More info about about Haversine: https://pypi.org/project/haversine/

In [4]:
import os
import pyspark
import sys

os.environ['PYSPARK_PYTHON'] = sys.executable
os.environ['PYSPARK_DRIVER_PYTHON'] = sys.executable
conf = pyspark.SparkConf()
sc = pyspark.SparkContext(conf=conf)
spark = pyspark.sql.SparkSession(sc)
spark

## 1. 15 Points
**Datafile**: BreadBasket_DMS.csv

**Solve**: What is the most popular (most sold) between the 8:00AM and 8:59AM for each day?

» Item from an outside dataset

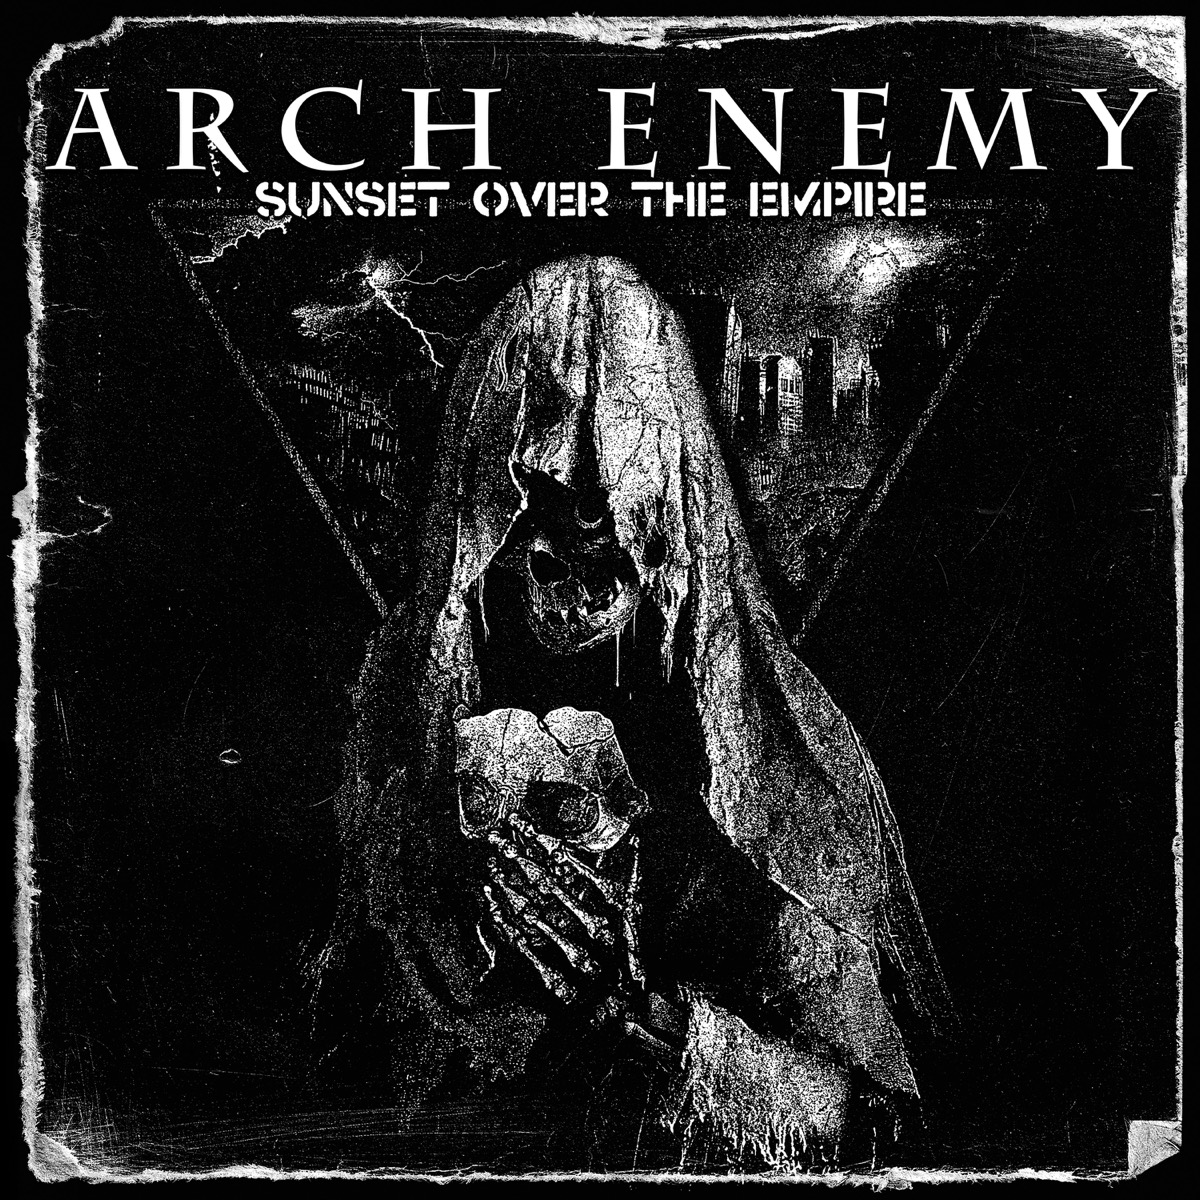 Arch Enemy "Sunset Over The Empire" singolo cover SpazioRock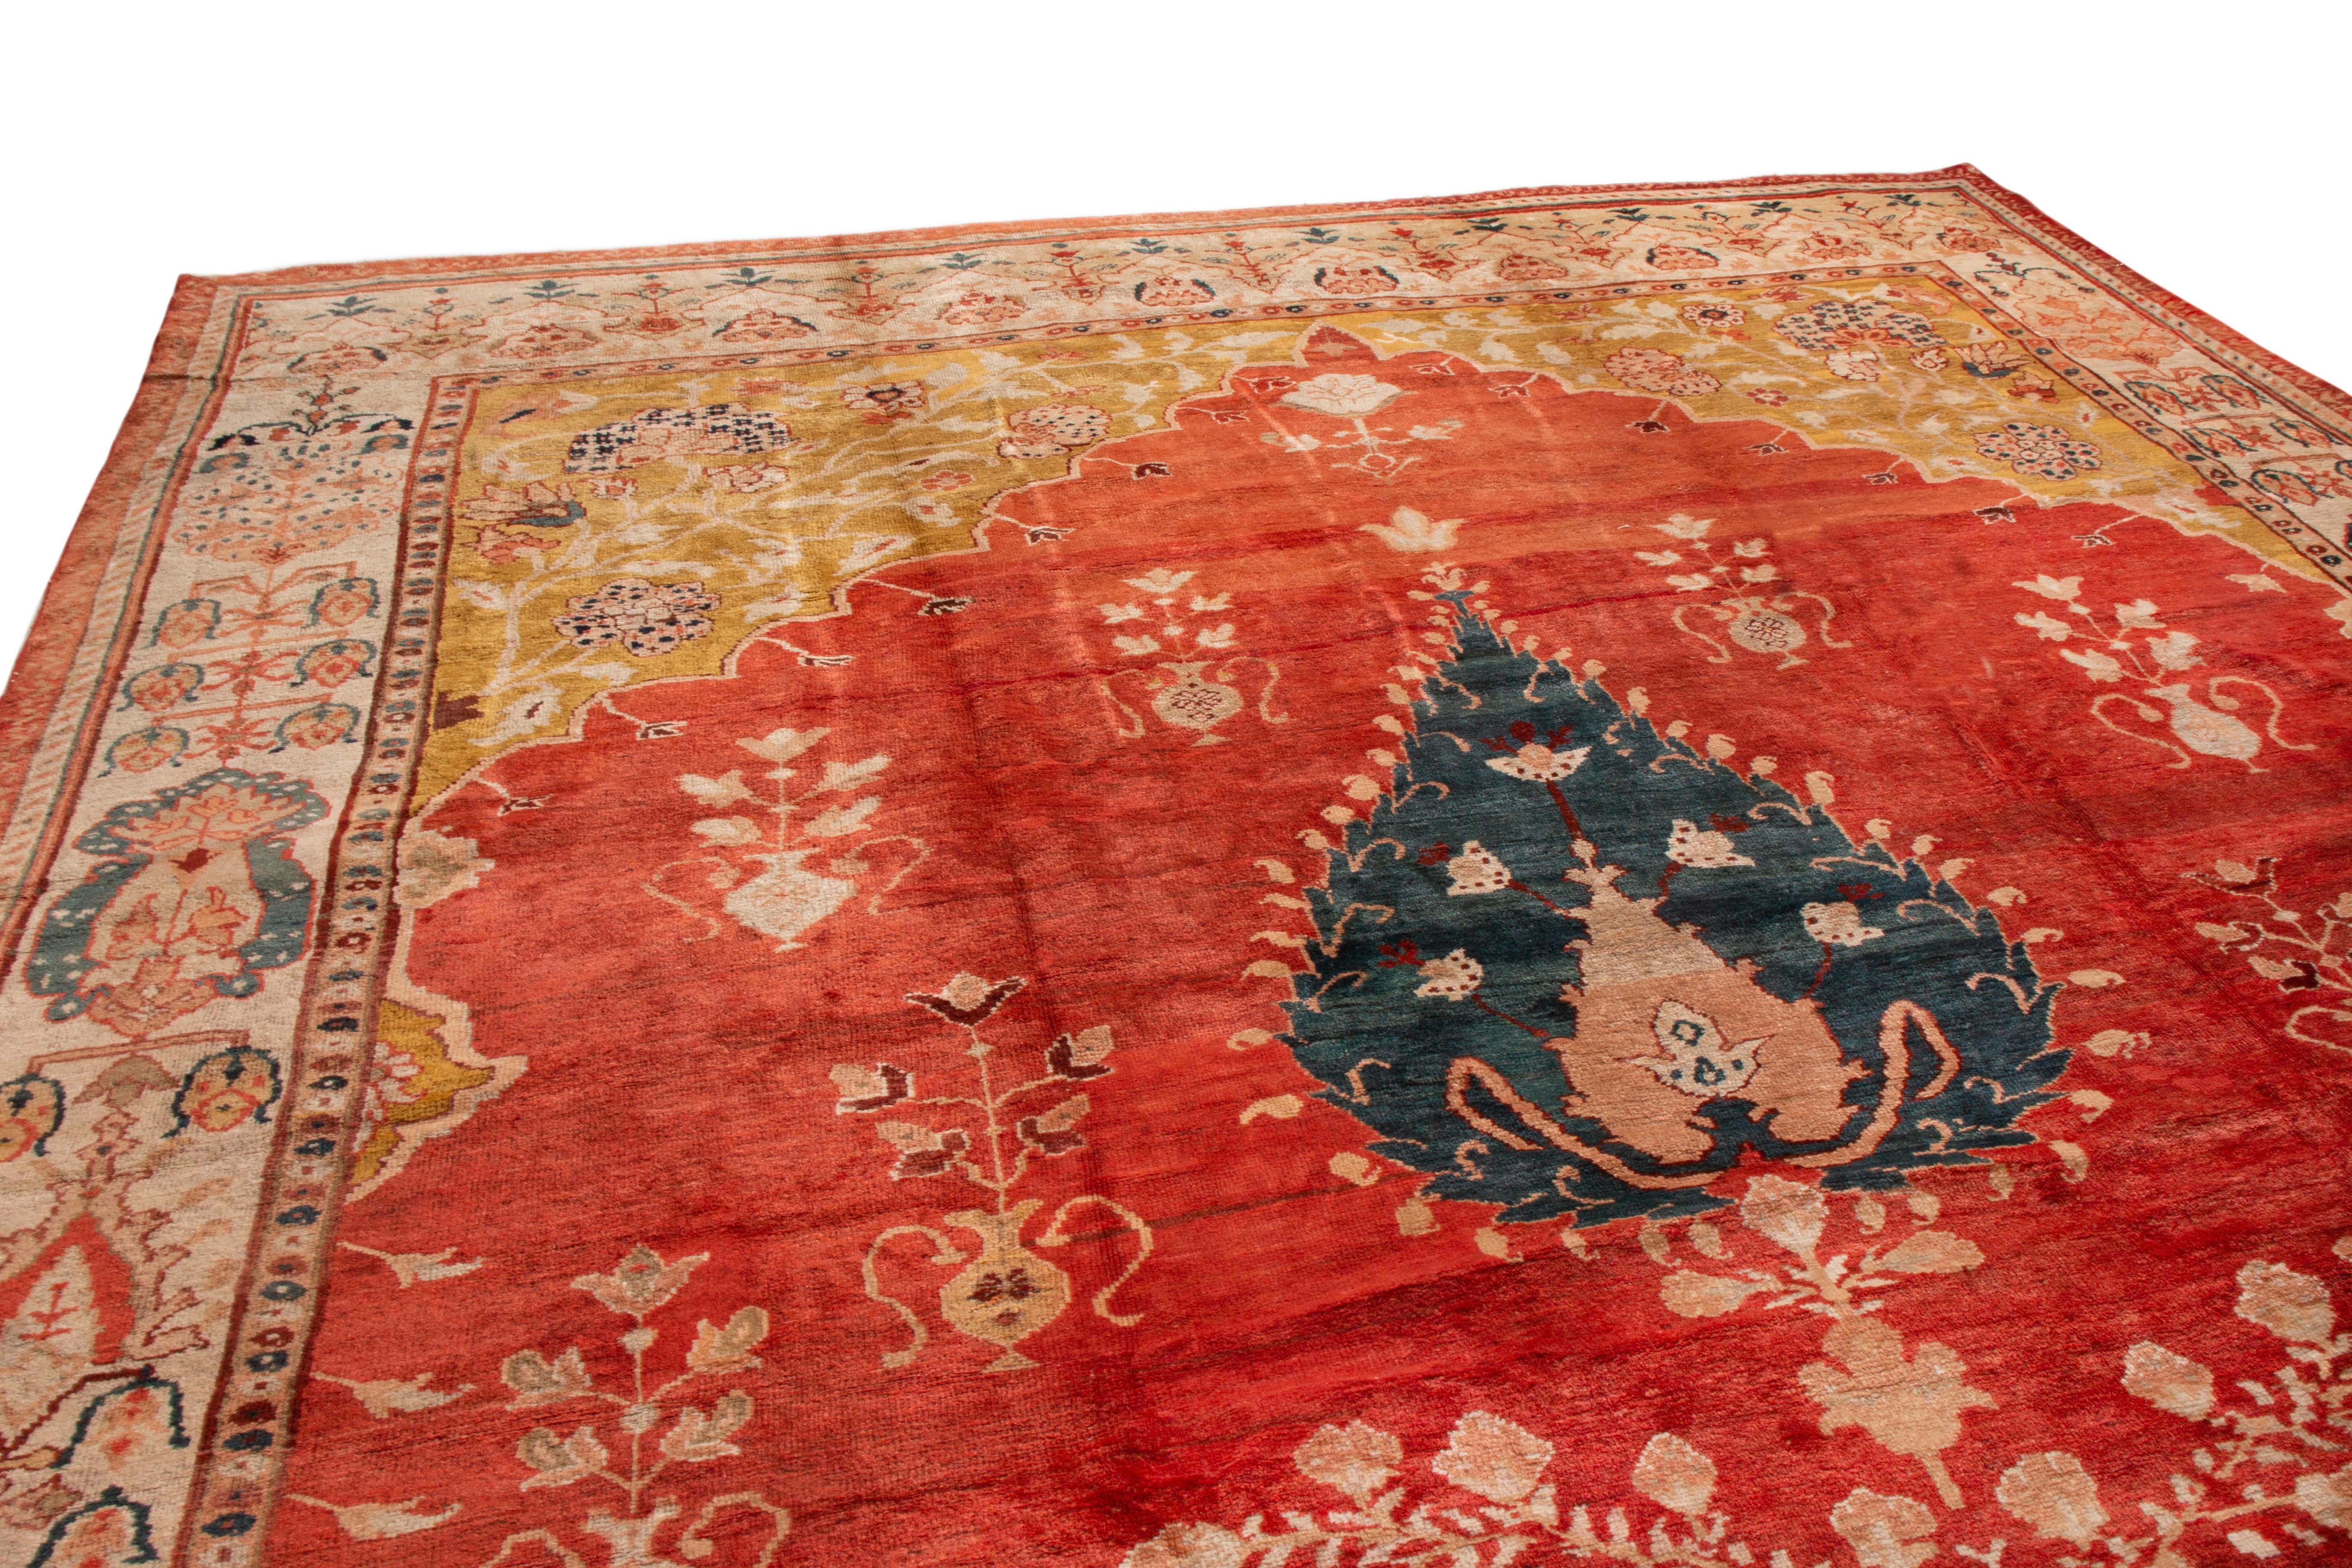 This antique Sultanabad rug has an uncommon field orientation for a Persian rug. From 1890-1900, its well-drawn graph was designed with only vertical symmetry, whereas many Sultanabad rugs typically had both vertical and horizontal orientation. Both

Example output (not actual solution)

    2016-10-30, Pastry

    2016-10-31, Coffee
     :
     :

### Approach:
1. Import BreadBasket_DMS.csv into a dataframe and filter out rows with `NONE` in the `Item` column
2. Extract dates in `YYYY-MM-DD` format from the `Date` column and times in `hh:mm:ss` format from the `Time` column
3. Filter the data by `Time` in the range of `08:00:00` and `08:59:00` inclusive
4. Group the data by `Date` and `Item`, aggregate by the `count` and, sort by `Date` and `count`
5. Group the data by `Date` and return the `last` `Item` and `last` `count`

In [1]:
# 1. Import BreadBasket_DMS.csv into a dataframe and filter out rows with `NONE` in the `Item` column
from pyspark.sql.functions import col
BreadBasket_DMS = spark.read.option("header", True).option("InferSchema", True).csv("BreadBasket_DMS.csv")
BreadBasket_DMS = BreadBasket_DMS.filter(col("Item") != "NONE")

# 2. Extract dates in `YYYY-MM-DD` format from the `Date` column and times in `hh:mm:ss` format from the `Time` column
from pyspark.sql.functions import to_date, date_format
BreadBasket_DMS = BreadBasket_DMS.withColumn("Date", to_date(col("Date"), "YYYY-MM-DD"))
BreadBasket_DMS = BreadBasket_DMS.withColumn("Time", date_format(col("Time"),"hh:mm:ss"))

# 3. Filter the data by `Time` in the range of `08:00:00` and `08:59:00` inclusive 
q1 = BreadBasket_DMS
q1 = q1.filter((col("Time") <= "08:59:00") & (col("Time") >= "08:00:00"))

# 4. Group the data by `Date` and `Item`, aggregate by the `count` and, sort by `Date` and `count`
q1 = q1.groupBy("Date","Item").count().sort("Date","count")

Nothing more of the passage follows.